#### DATASET EXCERPT ####

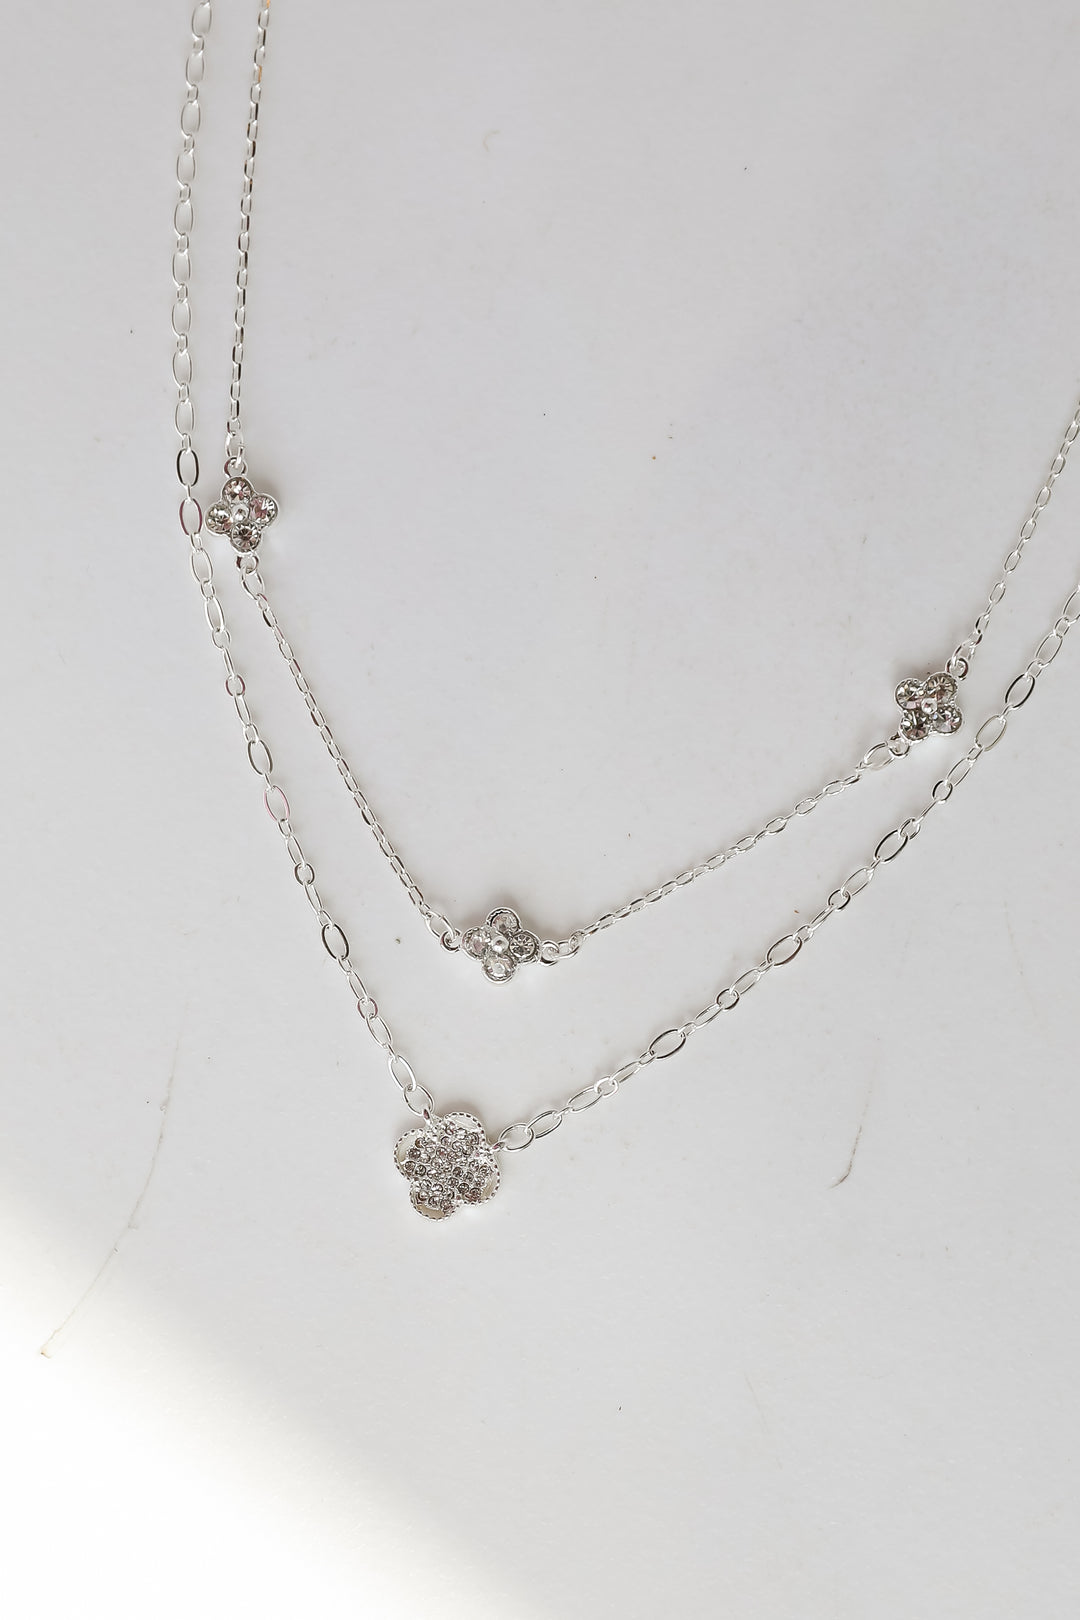 Paige Layered Chain Necklace silver dainty jewelry
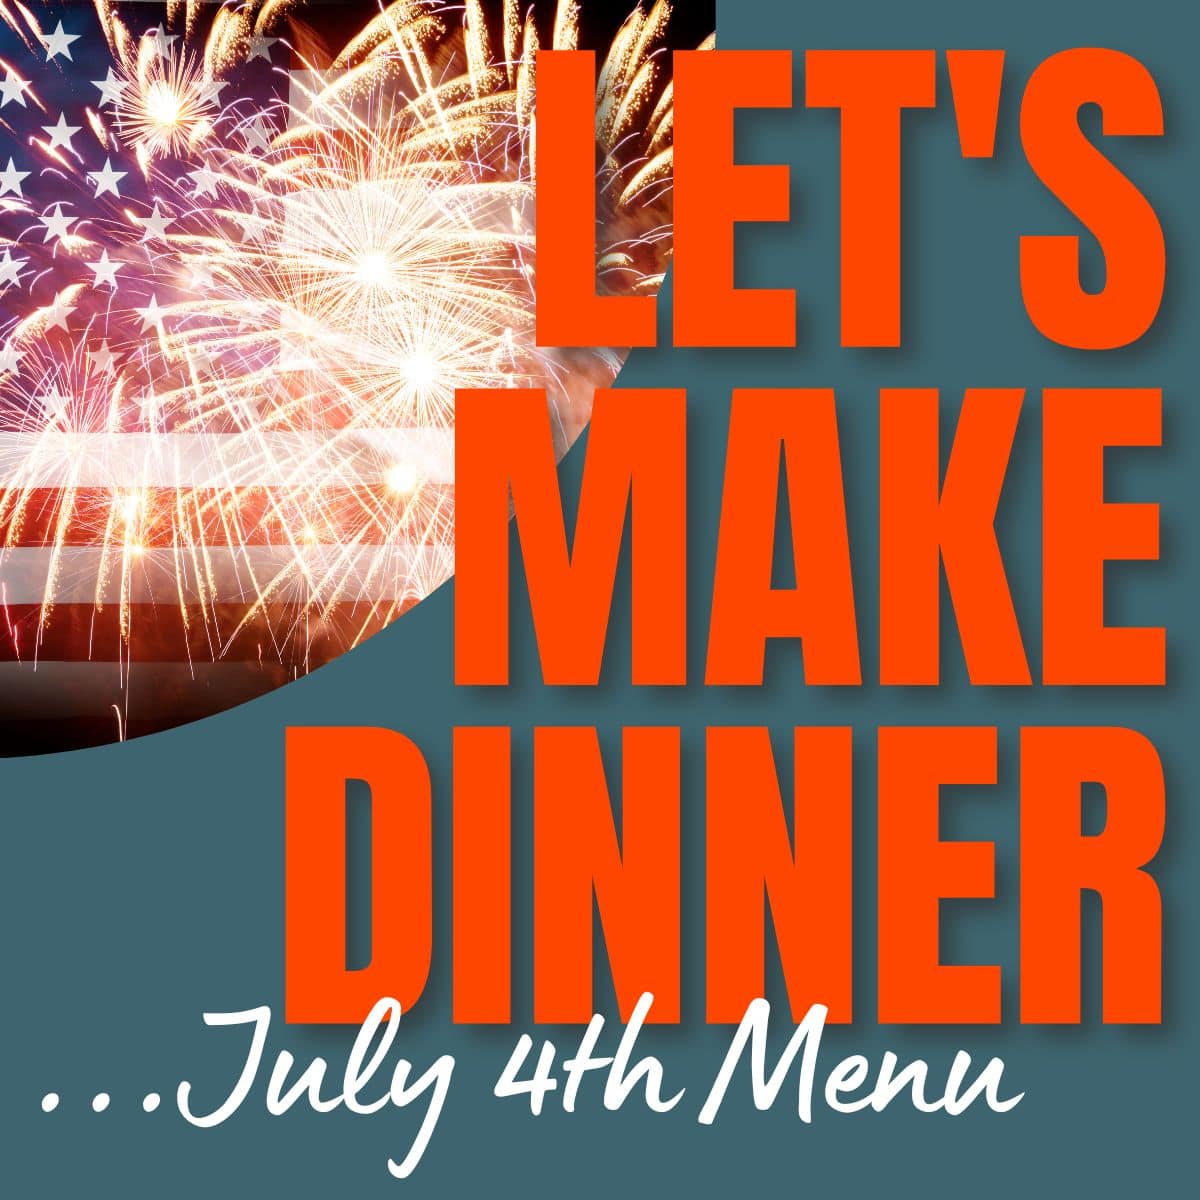 Let's Make Dinner text plus a photo of a flag and fireworks
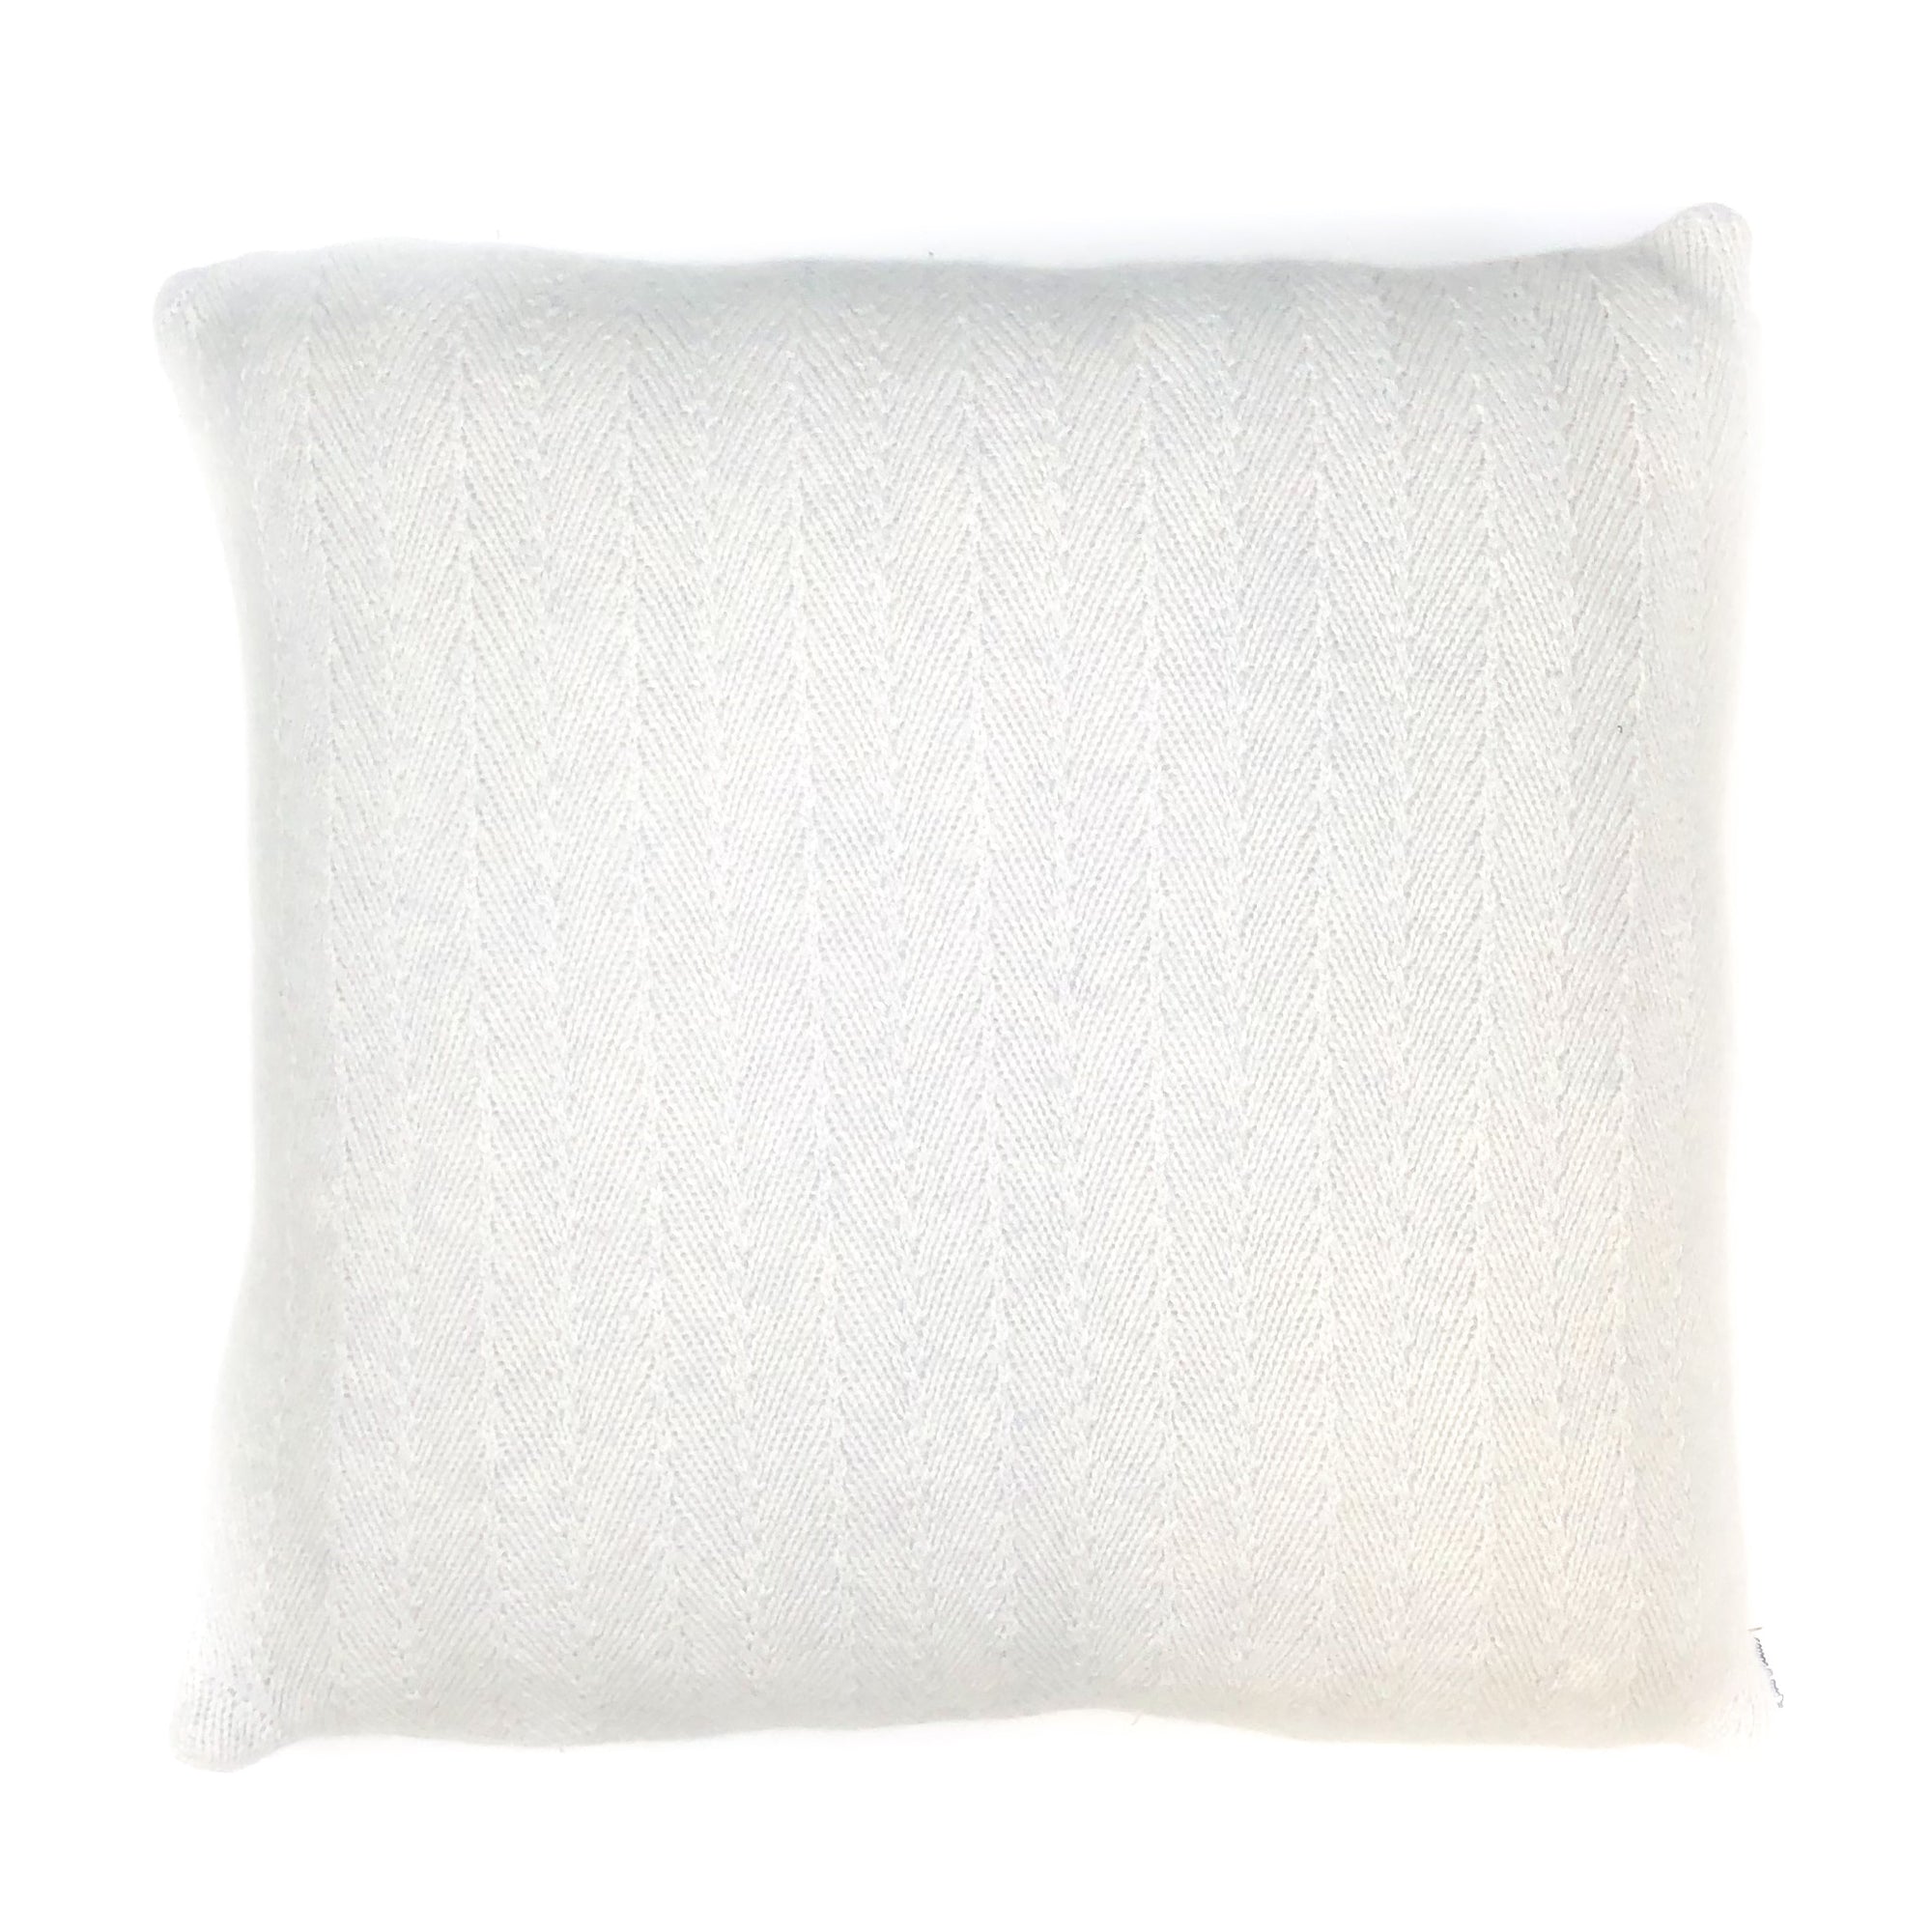 16 x 16 Light Heathered Grey Pillow Cover

####

EXERCISE AIM
From the first line to the last, copy the listing above exactly and leave out the images.

ANSWER TO THE EXERCISE
 Paige Layered Chain Necklace silver dainty jewelry
 Let's Make Dinner text plus a photo of a flag and fireworks
 16 x 16 Light Heathered Grey Pillow Cover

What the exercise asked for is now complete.